5月は予想通りの現状維持
日銀は4月30日~5月1日に開催した金融政策決定会合で政策金利の据え置きを決めた。
金融政策決定会合とは、その名の通り、金融政策を決める会合で、年に8回、概ね1カ月半毎に開催され、今年は1月下旬、3月中旬、今回、6月中旬、7月下旬、9月中旬、10月下旬、12月中旬に予定されている。前回(3月18~19日)も据え置きだったが、前々回(1月23~24日)は昨年7月下旬以来となる利上げを実施、政策金利とする無担保コール翌日物金利の目標水準を0.25%から0.5%へ引き上げた。
今回は政策金利を0.5%で据え置いたわけだが、これは大方の予想通りであった。
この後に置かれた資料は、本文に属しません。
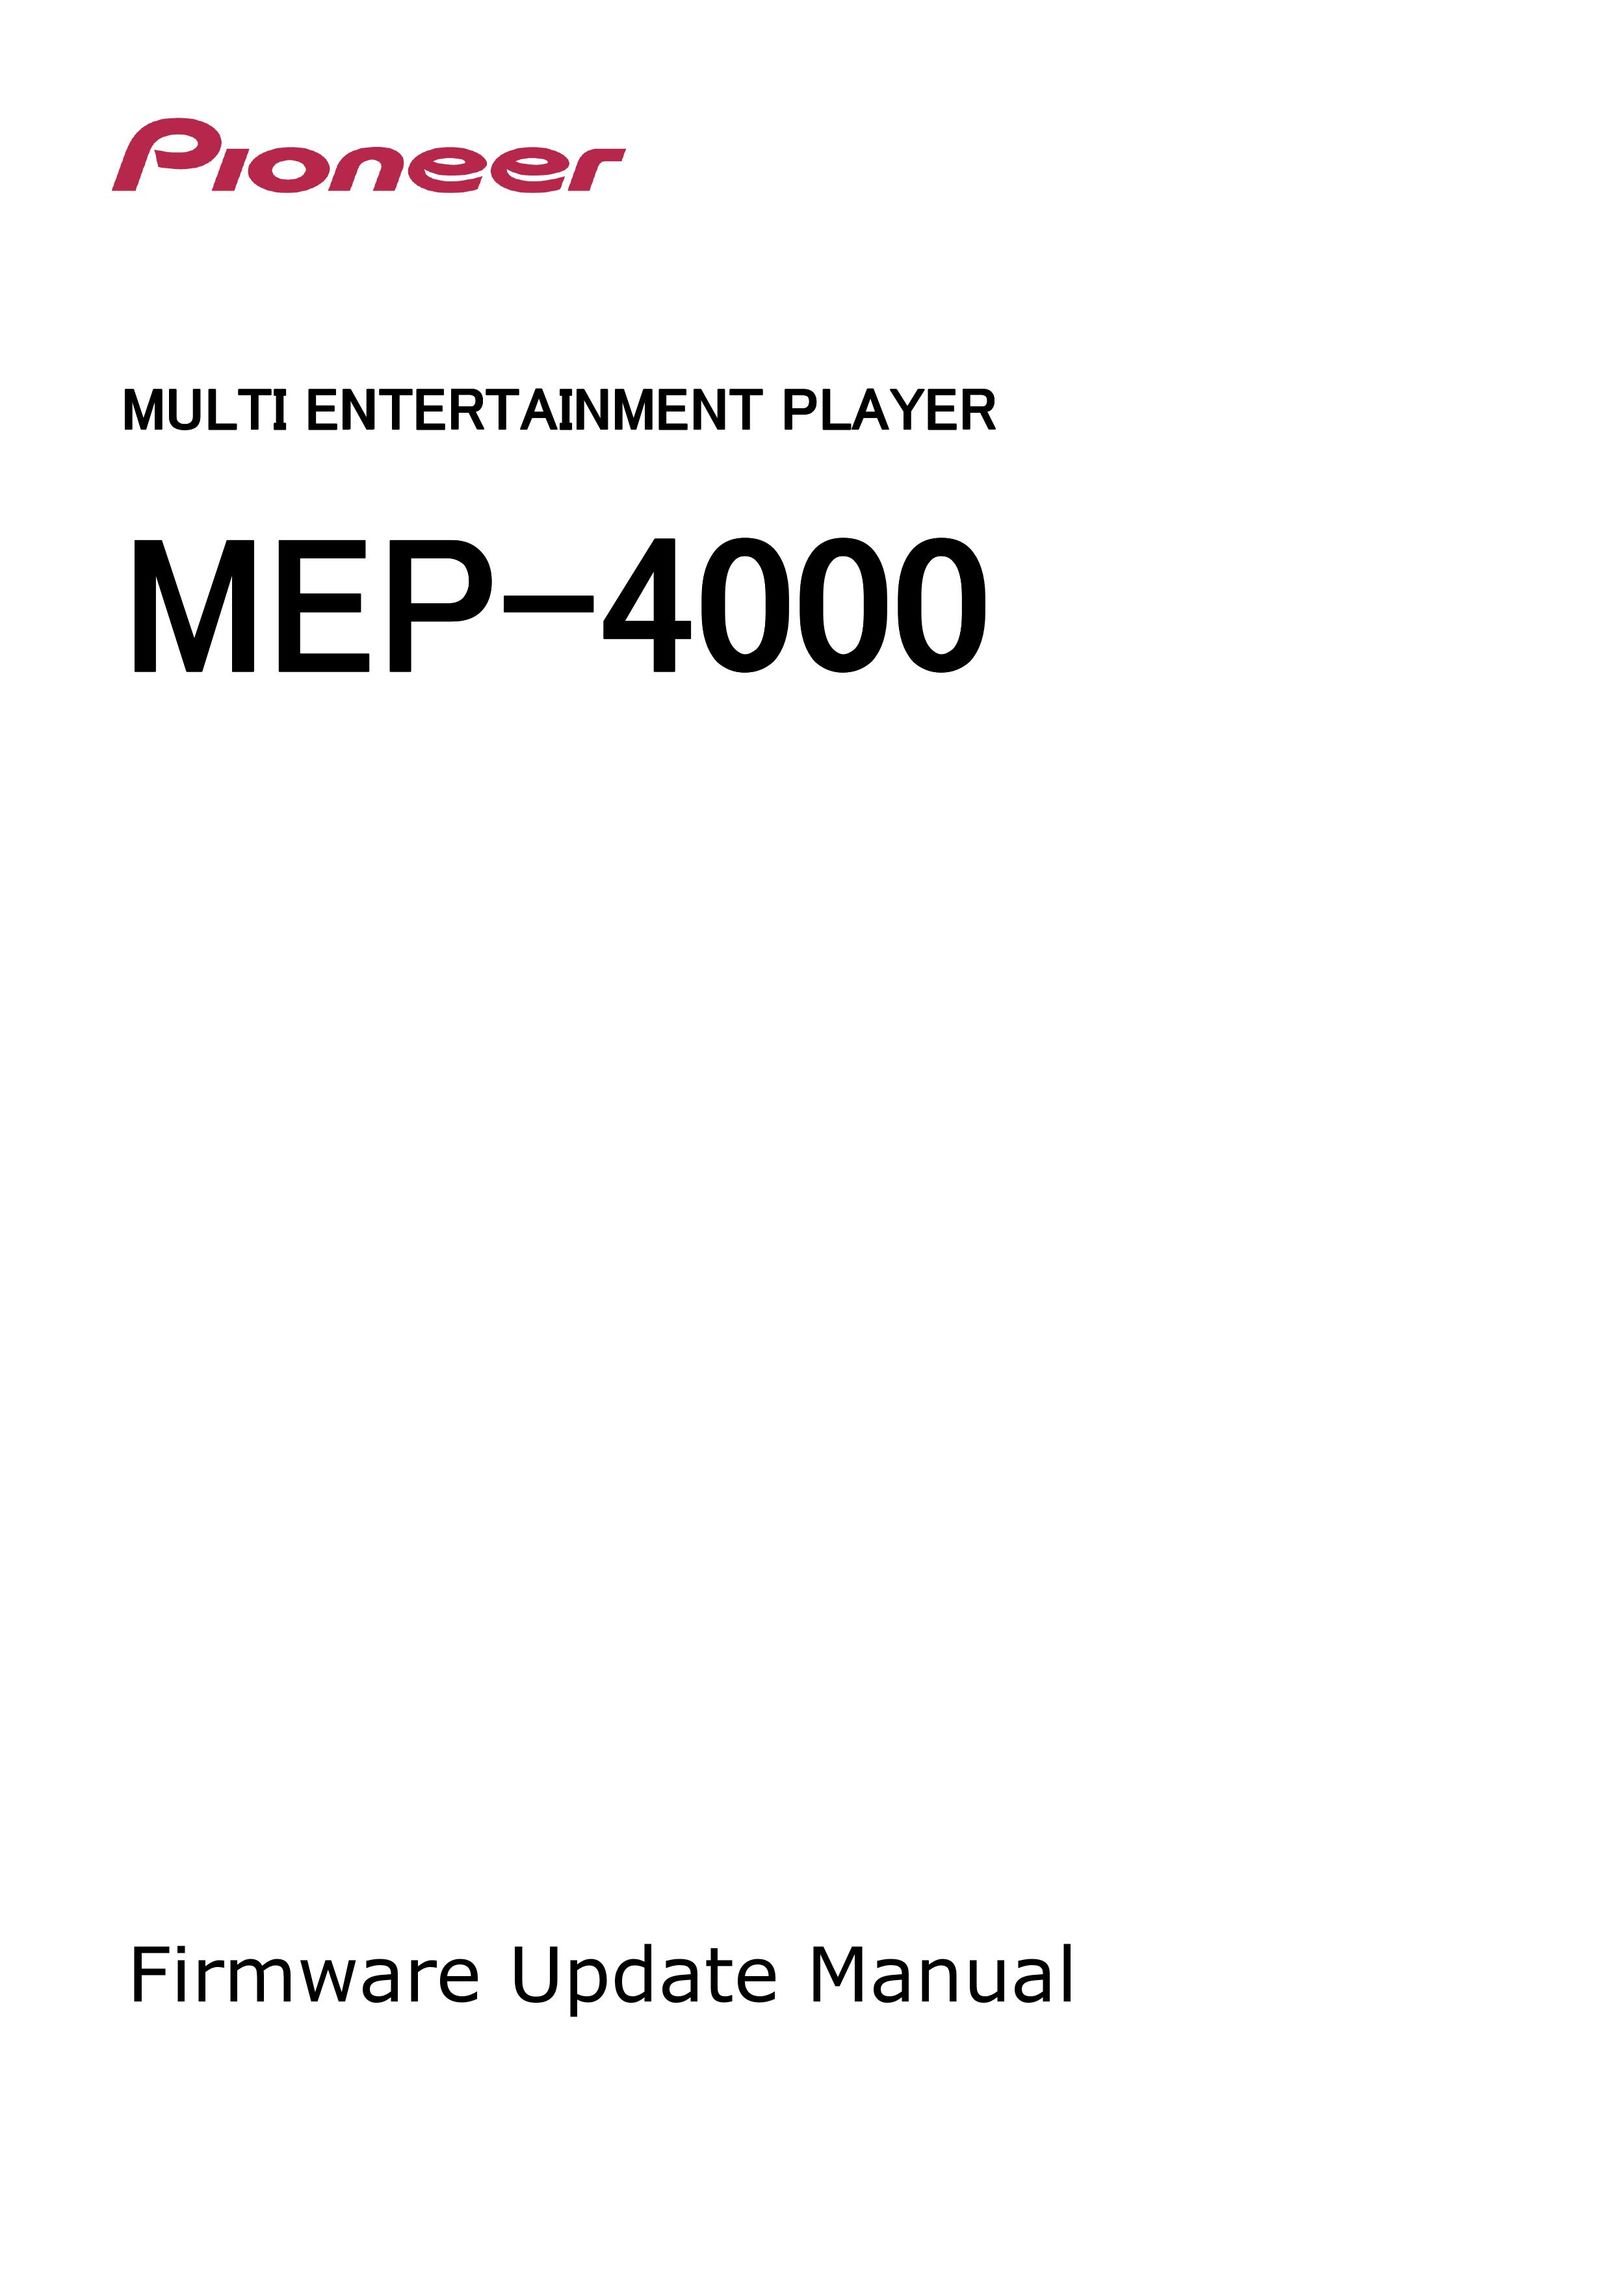 Pioneer Multi Entertainment Player Kitchen Entertainment Center User Manual

その理由は、「トランプ関税の影響で市場が混乱しているため」というわけではなく、ただ利上げを急ぐ理由がないからである。
第一に、インフレが加速する恐れがあまりない。そう言うと、コメを含めた食料品価格もガソリン代も上がっているのに、という疑問を持たれる向きもあろうが、日銀は金融政策を決める上でこれらの価格を対象としていない。
なぜなら、食料品の多く、そしてガソリンの原料である原油はほぼ全てが輸入であり、海外の相場は国内の金融政策では如何ともし難いためである。さらに言えば、コメを含めた食料品は天候に左右されるが、これも日銀の手の及ばないところである。
消費者物価は依然として2%を上回る
では、金融政策の判断材料となる物価とは何なのか。まずは、代表的なインフレ指標である「消費者物価指数(CPI)」が挙げられるが、その中だけでも3つの重要指標がある。1つは食料品やガソリンなどのエネルギーも含めた全体を示す「総合」、もう1つは天候に左右されやすい生鮮食品を除いた「コア(生鮮食品を除く総合)」、最後の1つは、コアからエネルギーも除いた「コアコア(生鮮食品・エネルギーを除く総合)」である。